Understanding the Architecture

Calipso is at its heart an Express application (expressjs.org) backed by MongoDB. In it's most basic mode it works as a two tier web application:

  • Web Tier: A NodeJS Application, run in either single or multi-core (cluster) mode.
  • Storage Tier: MongoDB, used to store both content and session data.

An example of the simplest, single server (e.g. EC2 or a VPS) deployment architecture is shown below:

Making It Scale

Calipso scales very simply. Each core is effectively stateless for simple use cases (socket.io, scheduling are caveats!), you can spin up as many instances of it as you like. This can be done either using the included cluster mode (that allows you to specify the number of workers and also provides plugins to enable live monitoring), or via a manual process that brings up nodes as you require on as many servers as you need.

Calipso is very fast, but it is not optimised for serving static content. For a large scale site it would be recommended to use a proxy load balancer in front of Calipso, that allows for serving of dynmaic content from a cookie-less domain (e.g. via nginx), or modify your theme to serve static content from a CDN such as Akamai, Amazon S3 or Limelight.

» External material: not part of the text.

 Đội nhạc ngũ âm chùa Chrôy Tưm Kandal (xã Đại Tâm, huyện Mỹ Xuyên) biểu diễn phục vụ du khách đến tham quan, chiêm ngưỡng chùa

The back end storage for both content and sessions is stored in MongoDB, which can be sharded and scaled as required. For sites with a large amount of content you can control the sharding of content elements across MongoDB to optimise the performance of the site.

You can use a different MongoDB instance for session storage and content / general data storage (or even switch to Redis for session storage given that it just uses the standard connect middleware). You could try storing static assets in GridFS, but I'm not sure how well that scales.

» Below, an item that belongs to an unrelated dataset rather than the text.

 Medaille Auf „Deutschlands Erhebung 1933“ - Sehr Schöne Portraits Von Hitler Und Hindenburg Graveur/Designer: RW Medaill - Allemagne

In a large implementation it would be recommended to keep a separate set of running nodes to run the administrative functions.

An example of a large scale implementation architecture is shown below:

Caveats

Calipso needs to have modules added that allow for the minification and packaging of Javascript libraries, as well as CSS.

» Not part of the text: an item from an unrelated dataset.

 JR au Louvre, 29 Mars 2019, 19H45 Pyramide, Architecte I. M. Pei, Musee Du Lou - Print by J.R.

Calipso needs to have functionality added that allow for dynamic modification of static file paths (e.g. re-writes that allow for publication of static content to CDN's transparently, but allow Calipso to act as an origin server for a CDN).

Configuration is (currently) stored in a mixture of the filesystem and MongoDB, and in the current iteration any modifications to configuration are dealt with through the request / response cycle and hence will not be applied across nodes in a cluster automatically. On configuration change you will need to cycle each of the nodes one after the other to apply the configuration change (this will be fixed).

The scheduler module currently runs across all nodes, and hence jobs will be triggered more than once in multi-cluster mode. This is an issue that needs to be fixed.

How Calip.so Runs

calip.so itself runs on an incredibly simple single server model, with http-proxy (from nodejitsu) in front of it. One day it may have load requiring more than that, but even after the posting on read write web, when it got 15,000 hits in an hour, it was very un-stressed.